Information supplied Start Marker
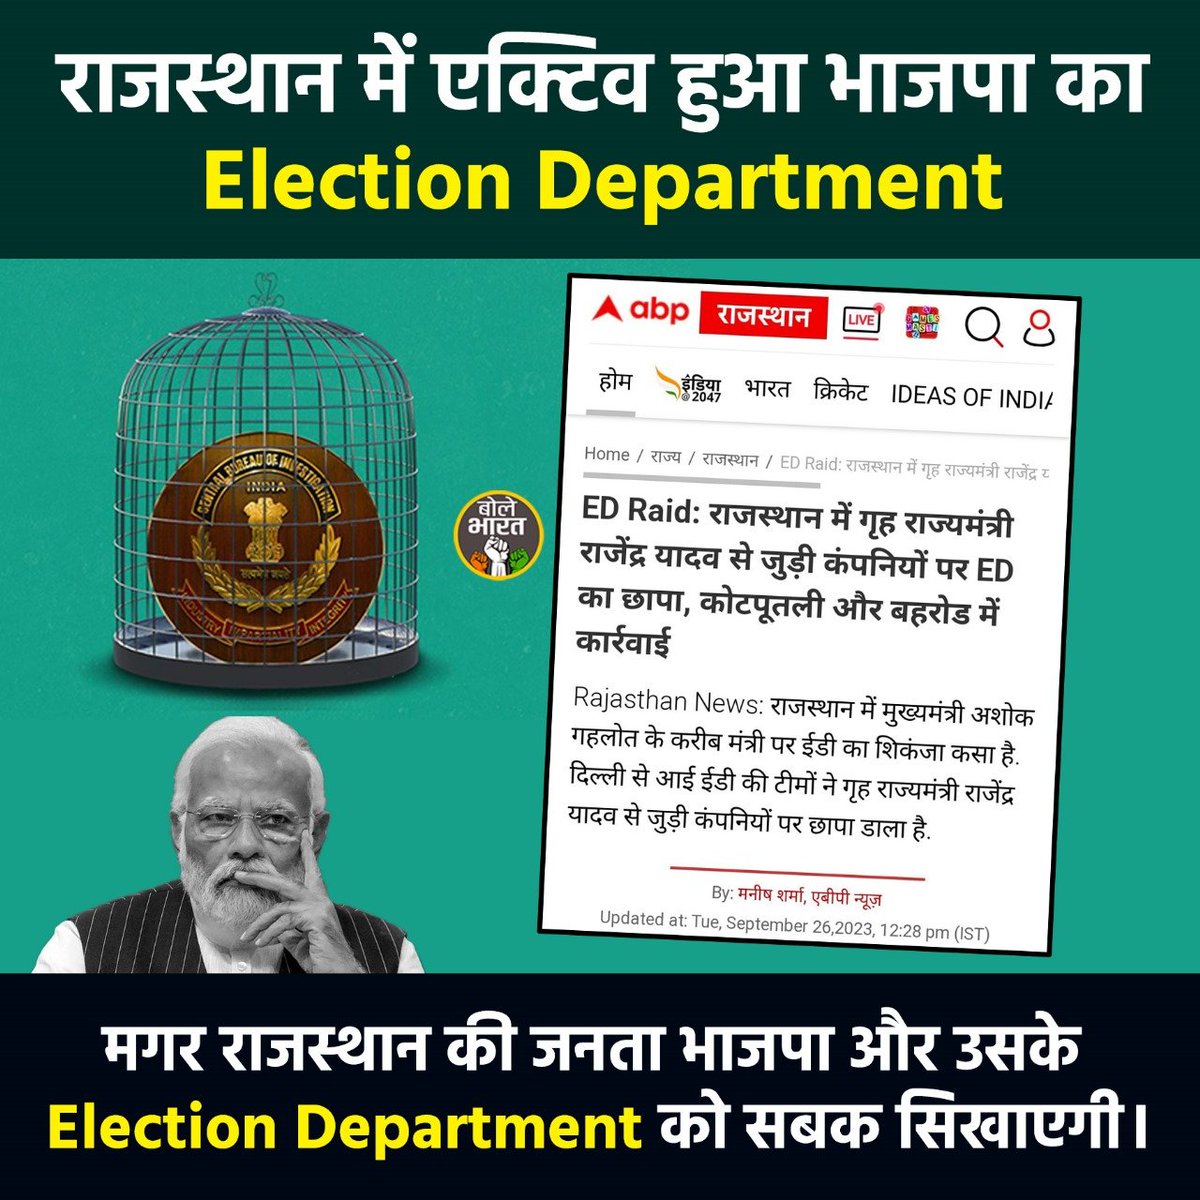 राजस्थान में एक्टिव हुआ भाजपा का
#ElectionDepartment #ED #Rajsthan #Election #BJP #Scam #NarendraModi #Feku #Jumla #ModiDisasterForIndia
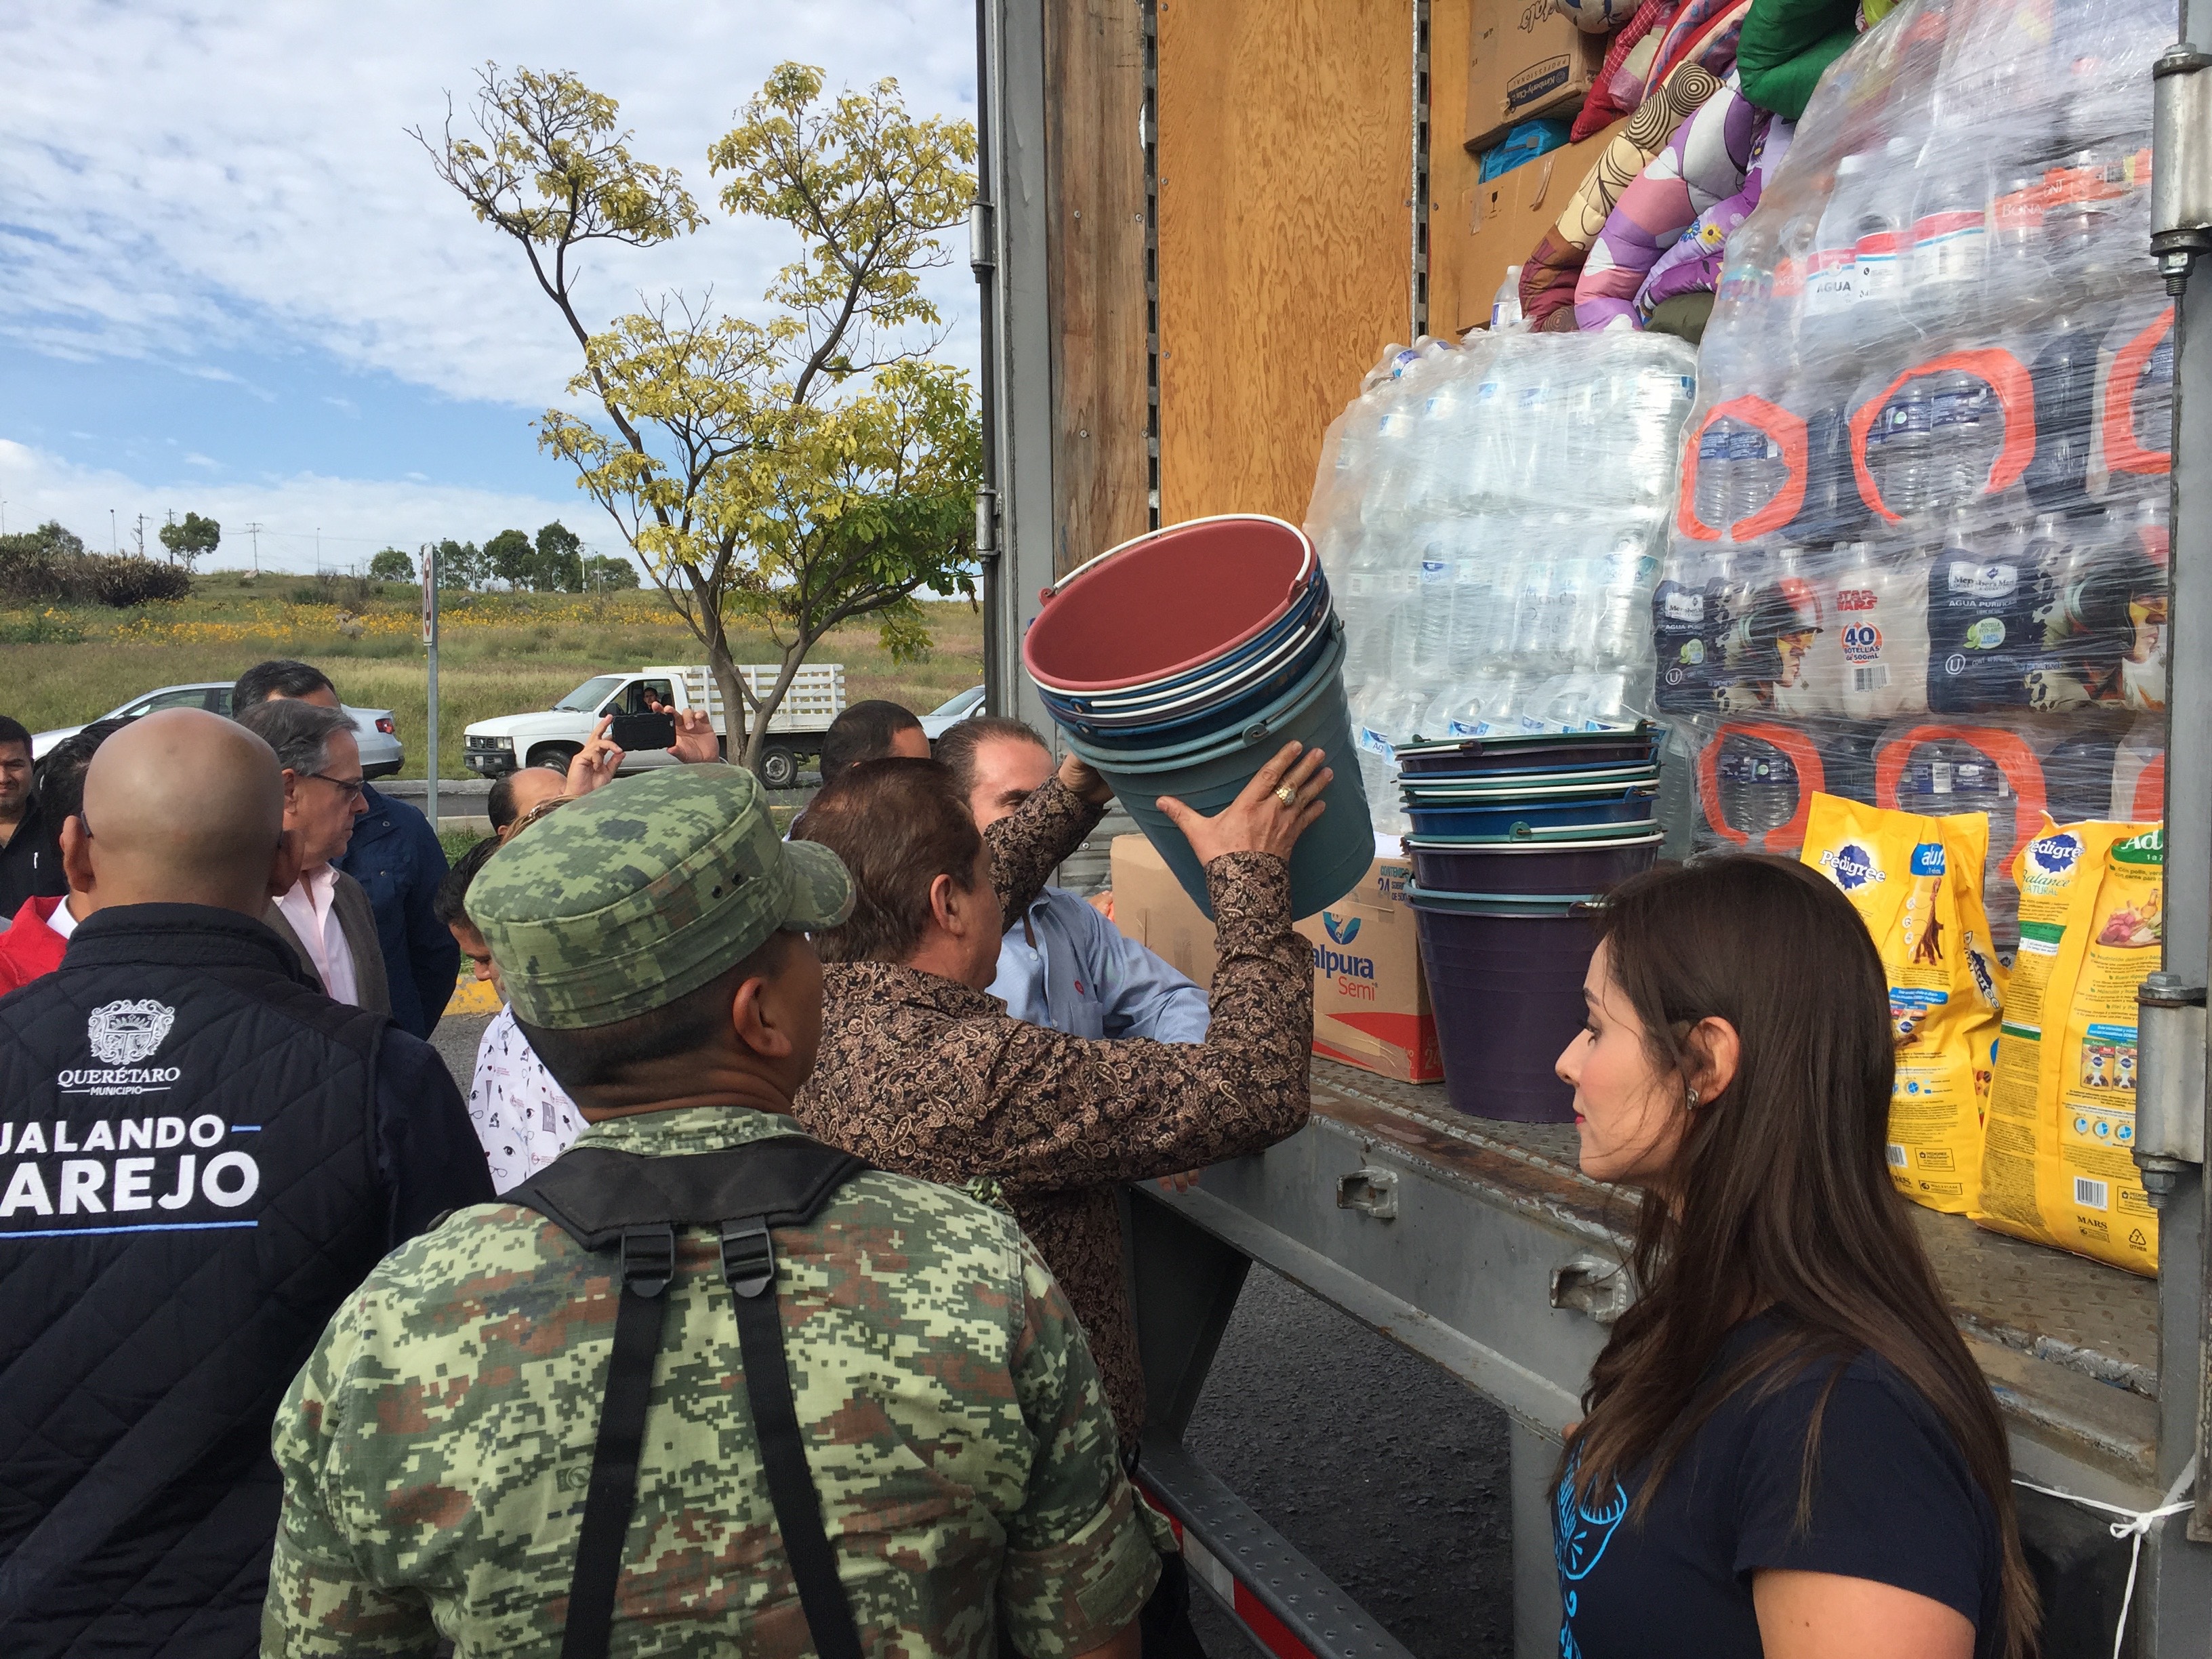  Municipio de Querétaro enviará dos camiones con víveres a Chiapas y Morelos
Information supplied End Marker
Could you repeat each line above exactly as written? Omit the pictures.

Written solution =
 राजस्थान में एक्टिव हुआ भाजपा का
#ElectionDepartment #ED #Rajsthan #Election #BJP #Scam #NarendraModi #Feku #Jumla #ModiDisasterForIndia
  Municipio de Querétaro enviará dos camiones con víveres a Chiapas y Morelos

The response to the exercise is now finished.